The Event Recommendation Engine Challenge just finished on Kaggle.com. I managed to build a good model and finished 7th.
Given a dataset of users and events, we had to predict which event users will be interested in. We were given 38000 users, 3 million events and a bunch of data about them (like friends, attendance or interest in events).
First thing, preprocess the data and put it in a database. I had to go for a database since I couldn’t fit everything in RAM. I chose MongoDB because it’s just so easy to set up. It wasn’t the best database choice for this task. I should try and experiment with Neo4j in the future.
Regarding preprocessing, the most I’ve struggled with was location. Most users had an unformatted location string. Around half of the events had a well formatted location (city, state and country), as well as GPS coordinates. At first, I used the Yahoo Placemaker API to convert user locations into coordinates. This way, I could compute distances between users and events.

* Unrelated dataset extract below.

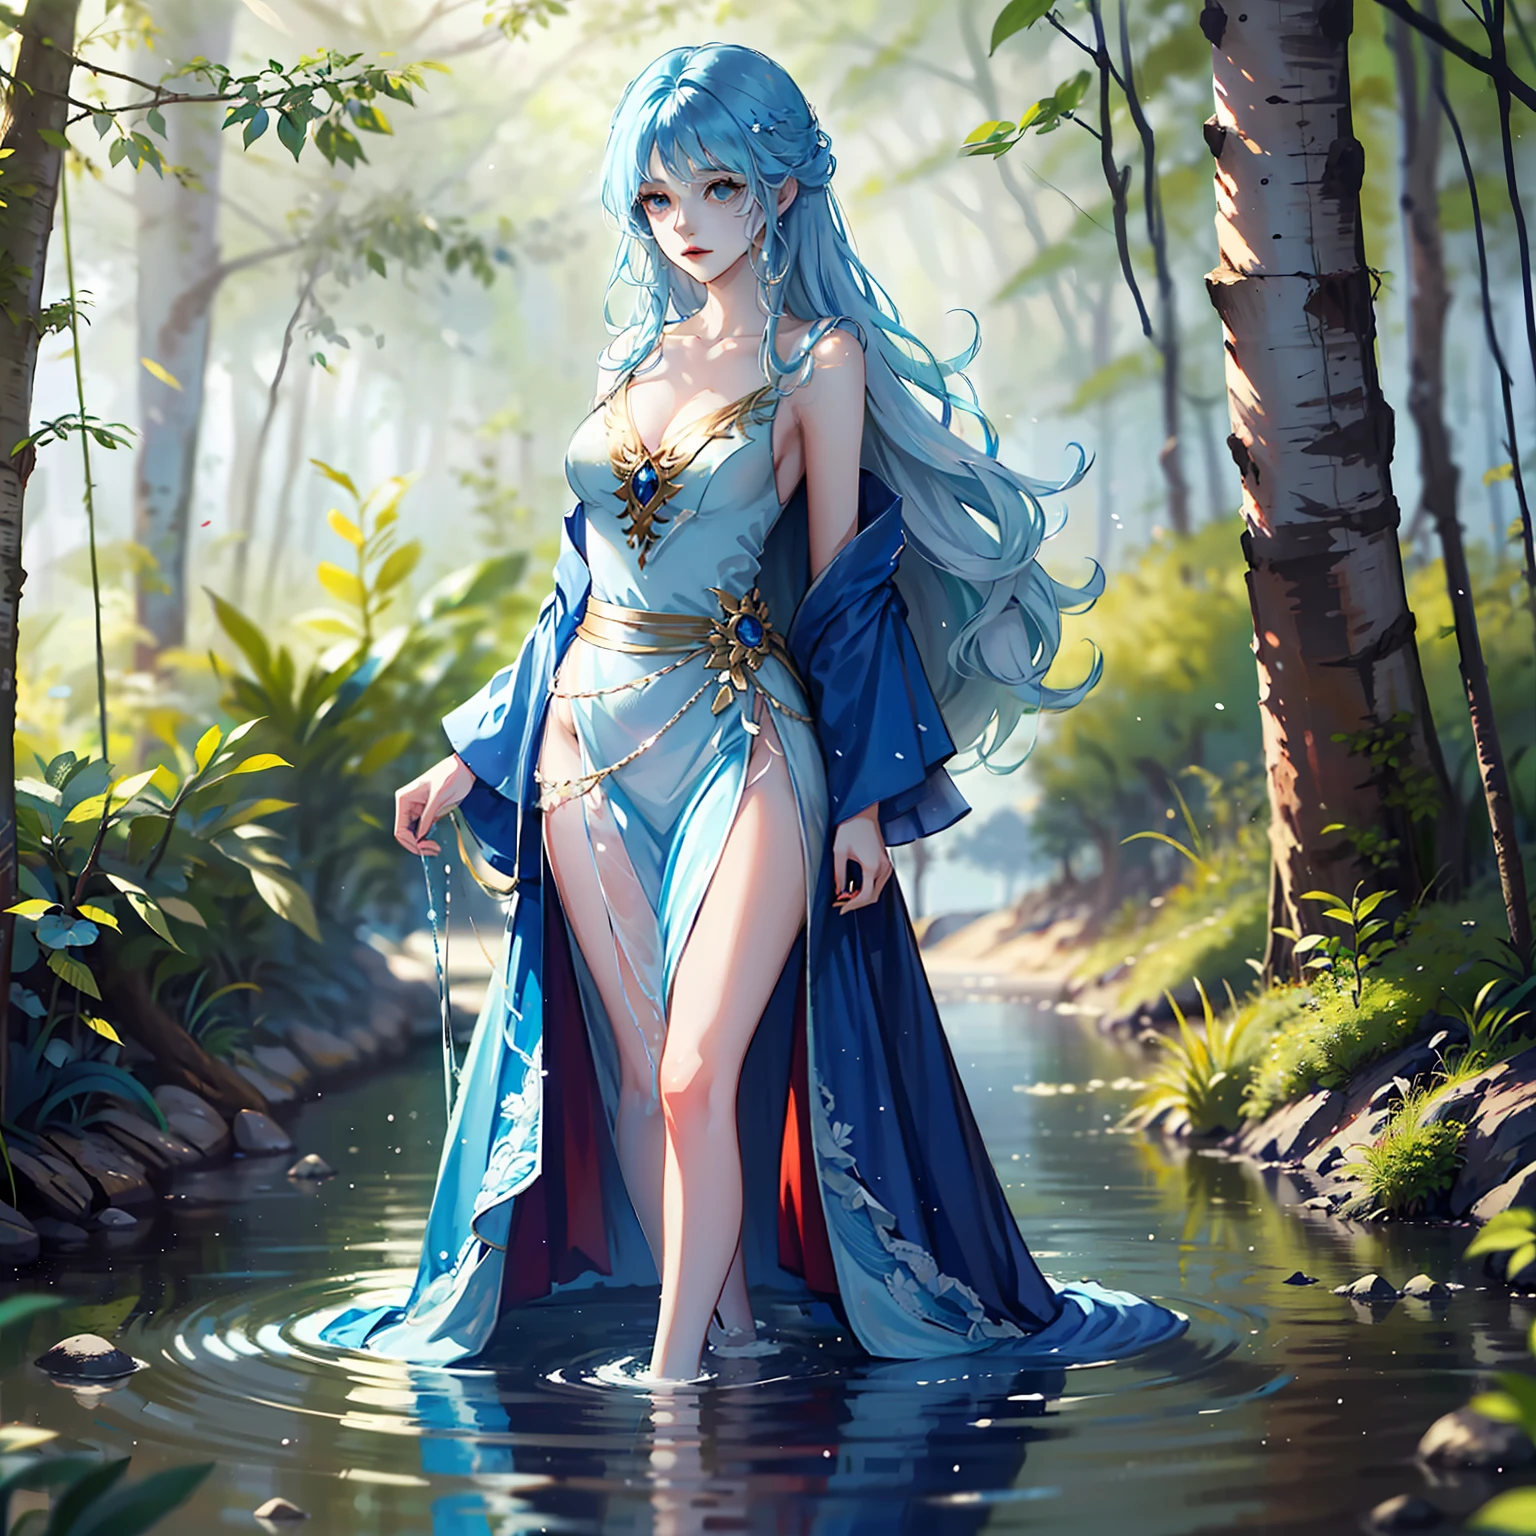 女士, 美丽的, 蓝头发, 穿着蓝色长裙, 长毛, 神圣, 神秘, 水上行走, 在树林里, 独自的, 女士 whose body made of water

I then noticed that external data is not allowed. No problem. With 1.6 million events having both location strings and GPS coordinates, I was able to build a database of spatial information. I could then match user locations and get some coordinates without an external API.
Given a (user, event) pair, these were the features I’ve used in my model:
- number of users attending, not attending, maybe attending and invited to the event;
- number of friends attending, not attending, maybe attending and invited to the event;
- location similarity between user and event;
- number of users attending the event that have also attended events the user did;
- similarity between the event and events the user attended, based on clusters – I used KMeans (loving scikit-learn) to cluster together similar events, based on words; I chose a few values for the number of clusters, in order to capture a little granularity;
- same thing for events attended by friends;
- same thing for events the user (or his friends) didn’t attend to;
- time to event, apparently most important feature;
- similarity between the event’s word distribution and the average distribution of words for events the user attended;
- if the user was invited or not.
I didn’t manage to get anything out of user age and gender. I’m still wondering if (and how) that info can be used in some useful way.
In order to generate results, I went for the classifier approach (two classes, interested and not interested). I also tried ranking and regression, but classifying worked best. I chose a Random Forest (again.. scikit-learn), because it was able to work with missing values. I also added Logistic Regression (on the features that didn’t have missing values) and averaged the results.
The full code is on github. Mind you, except the scripts main.py and model.py, all other files contain code snippets I built on the fly while exploring the data in ipython.
Can you explain how you are using the “time to event” feature. We are judging the events having the same time stamp.
Also please explain how to use “number of users attending, not attending, maybe attending and invited to the event”. I am using the number of attending users only, but that is not helping much.
The “time to event” feature is the time between the event notification and the event start. So, for example, if the user got the notification on April 5th and the event is on April 8th, the time to event is 3 days.
For the other features, I get the attendance list for that event (and the dataset from Kaggle also has users that are not attending, maybe attending or invited). I use all those numbers as features. You can see a description of all features at the end of this file: https://github.com/andreiolariu/kaggle-event-recommendation/blob/master/main.py
I checked your code in github. I am also building a recommender system for a very similar problem. Please advise on the below question.
Given the class imbalance & that fact that I need to maximize map@k which is the best loss function & evaluation criteria for evaluating result of a binary classifier( random forest/ gbm etc)? Did you use recall or precision etc as a scoring criteria for tune the hyper parameters of the random forest?
It’s hard to say. This problem was not recommendation, it was classification. But in typical recommendation scenarios, using binary classifiers would be unfeasible. If your problem is very similar to this one, then using what I’ve used here (mapk) should work.
Hi Andrie, I’m starting to build an event-based recommendation just like this (actually simpler). The point is, I’m just a beginner (I know how an user-based or item-based recommendation system can make recommendations using users’ references) and can’t understand how can you use all those features.
Can you give some advice (books, articles or knowledge needed) so that I can understand your instruction.
You can start with the book “Mining Massive Datasets”. The PDF is available online (www.mmds.org) and there’s also an online course built after it on Coursera.
Thank you for your kind reference. I will read the book.
I have checked you code in github and I saw you used two constant 0.69 and 0.57 corresponding to Random Forest and Logistic Regression for combining the results of two models. Could you explain me how you obtained those constants?
Hi, Tom. The procedure is something like this. You split the training data into A, B and C. You train the two models (Random Forest and Logistic Regression) on A and get predictions for B and C. Using a simple for loop going from 0.00 to 1.00 in 0.01 increments, you find the best performing blend using the predictions for B and their corresponding labels. Finally, you test to whole thing on C to get an accurate estimate of the ensemble’s performance.
Thank you for your reply, Andrei. Happy New Year :D.